Das Nebenkosten-Privileg erzeugt deshalb zunehmend Ärger bei der Konkurrenz. Und auch die Monopolkommission, die die Bunderegierung berät, hat es mehrfach kritisiert: Der Wettbewerb werde eingeschränkt: Ein Mieter, der über einen Kabelanschluss verfügt und ohnehin dafür zahlen muss, hat wenig Interesse, sich die bewegten Bilder über eine andere Zugangstechnik zu bestellen – etwa über terrestrisches Digital-Fernsehen (DVBT) oder über die DSL-Internet-Leitung der Deutschen Telekom. Hinzu kommt: Der EU-Kodex schreibt vor, dass Verträge nicht länger als zwei Jahre laufen sollen. Die Kabelanbieter haben hingegen mit den Vermietern langfristige Kontrakte abgeschlossen, die in der Regel für zehn Jahre gelten. Mit der Streichung des Paragraphs in der Betriebskostenverordnung wären solche Regelungen nicht mehr möglich.
Und damit wäre es aber auch mit Mengenrabatten und den preiswerten Anschlüssen vorbei. Der Kabelverband Anga rechnet mit Mehrkosten von bis zu 200 Euro pro Haushalt und Jahr. Unter den zwölf Millionen Betroffenen sollen sechs Millionen Rentner und eine Million Hartz-IV-Empfänger sein. Die Reichweite des öffentlichen-rechtlichen Rundfunks würde laut Anga schrumpfen, etwa eine Million Menschen könnten den Zugang zur TV-Versorgung verlieren.
Experte: Vermieter brauchen Planungssicherheit
Muss das alles sein? Wolfgang Schulz, renommierter Medienrechtler an der Uni Hamburg, meint: nein. “Die aktuelle Regelung betrifft nach meiner Rechtsauffassung weniger das Telekommunikationsrecht, als vielmehr das Mietrecht. Genauer gesagt das Verhältnis zwischen Mieter und Vermieter”, sagte Schulz dem RedaktionsNetzwerk Deutschland. Die interne Verkabelung in Mietshäusern verlange hohe Investitionen. Deshalb sei es angemessen, dass für den Vermieter Planungssicherheit geschaffen werde. “Das Instrument dafür sind die Umlagezahlungen von allen Mietern.”

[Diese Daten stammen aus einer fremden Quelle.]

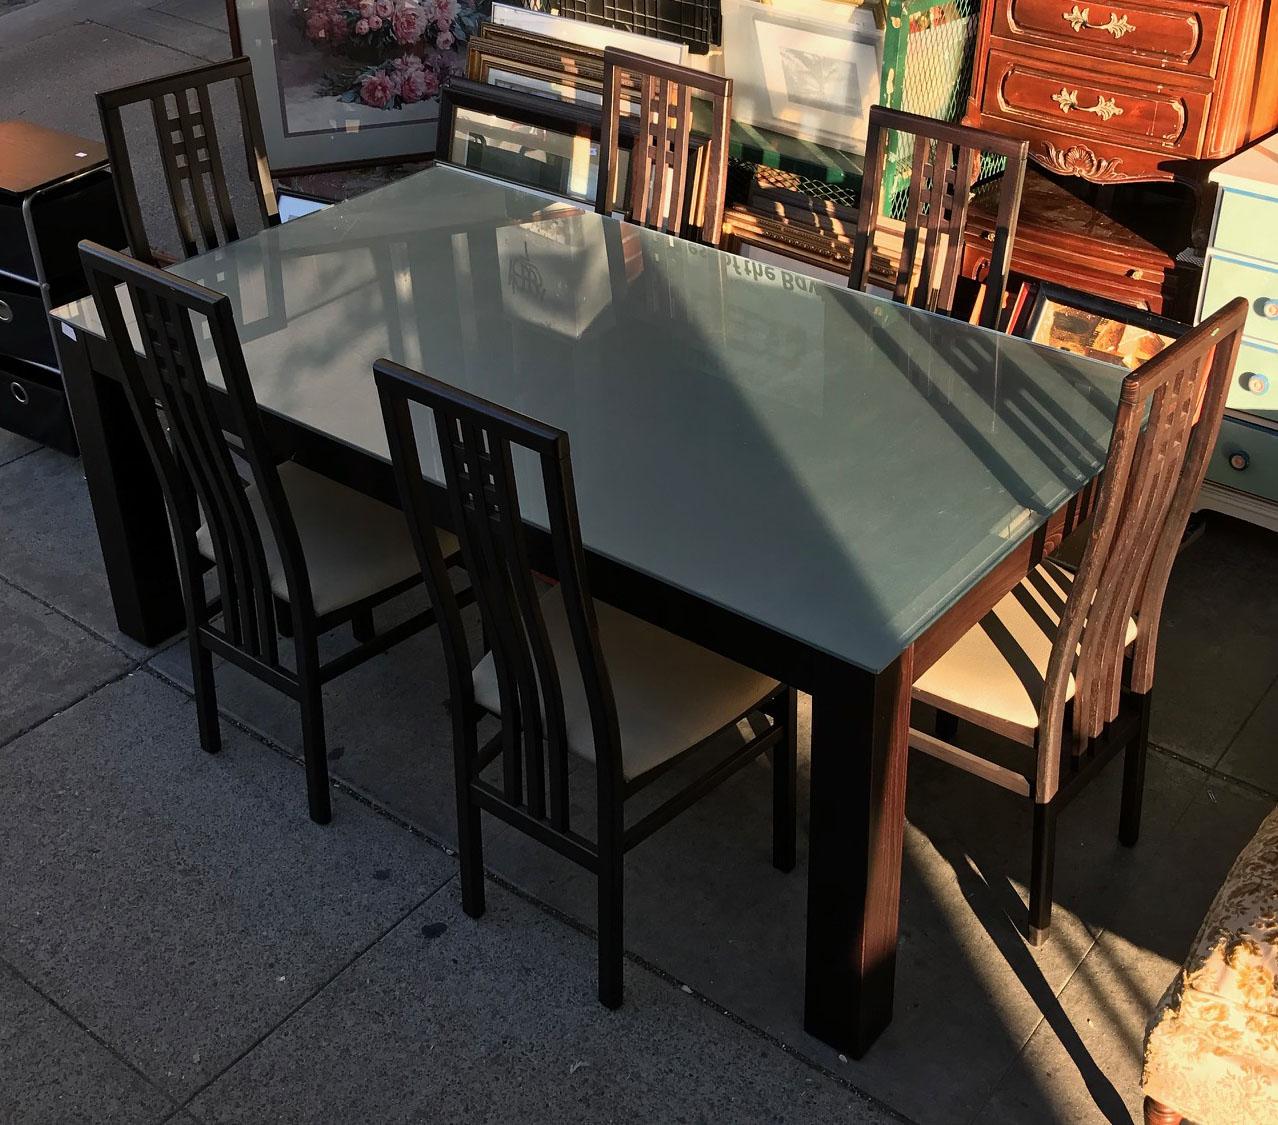 Peachy Uhuru Furniture Collectibles Sold Bargain Buy 23019 Spiritservingveterans Wood Chair Design Ideas Spiritservingveteransorg

Für Schulz muss der Kabelanschluss wie jedes andere spezifische Merkmal einer Wohnung betrachten werden, etwa eine bestimmte Art der Heizung oder eine Tiefgarage. Bei solchen Infrastruktureinrichtungen sei es akzeptabel, dass die Wahlfreiheit der Mieter eingeschränkt werde. “Die aktuelle Regelung kann deshalb so belassen werden, wie sie derzeit ist. Die Regelwerke der EU lassen dafür ausreichend Spielraum”, so der Professor für Medienrecht. Es bestehe also gar kein Handlungsdruck.
Kommission will mehr Wettbewerb
Und wie sieht es mit dem Wettbewerb aus? Die Monopolkommission vertritt seit Jahren die Position, dass das Nebenkosten-Privileg wie eine Eintritts-Hürde in den Telekommunikationsmarkt wirkt und damit mehr Konkurrenz somit letztlich günstigere Preise verhindert. Allerdings ist für Branchenkenner klar, dass nicht Newcomer, sondern zuallererst die Ex-Monopolist Telekom von einer Streichung des Privilegs profitieren würde. Mutmaßlich würde der Bonner Konzern in Mietshäusern massiv in die Vermarktung von Einzelverträgen für TV via Internet einsteigen.
Stephan Korehnke, Regulierungs-Chef bei Vodafone Deutschland, betont unterdessen: “Die Umlagefähigkeit belebt den Wettbewerb.” Schließlich könnten alle Infrastrukturbetreiber TV-Angebote offerieren, die über die Umlage abgerechnet werden. “Vermieter entscheiden frei, mit welcher Technologie ihre Mieter versorgt werden sollen”, sagte Korehnke dem RedaktionsNetzwerk Deutschland. Für die Anbieter sei das Ansporn, die Zugangstechnologien für TV stetig zu verbessern.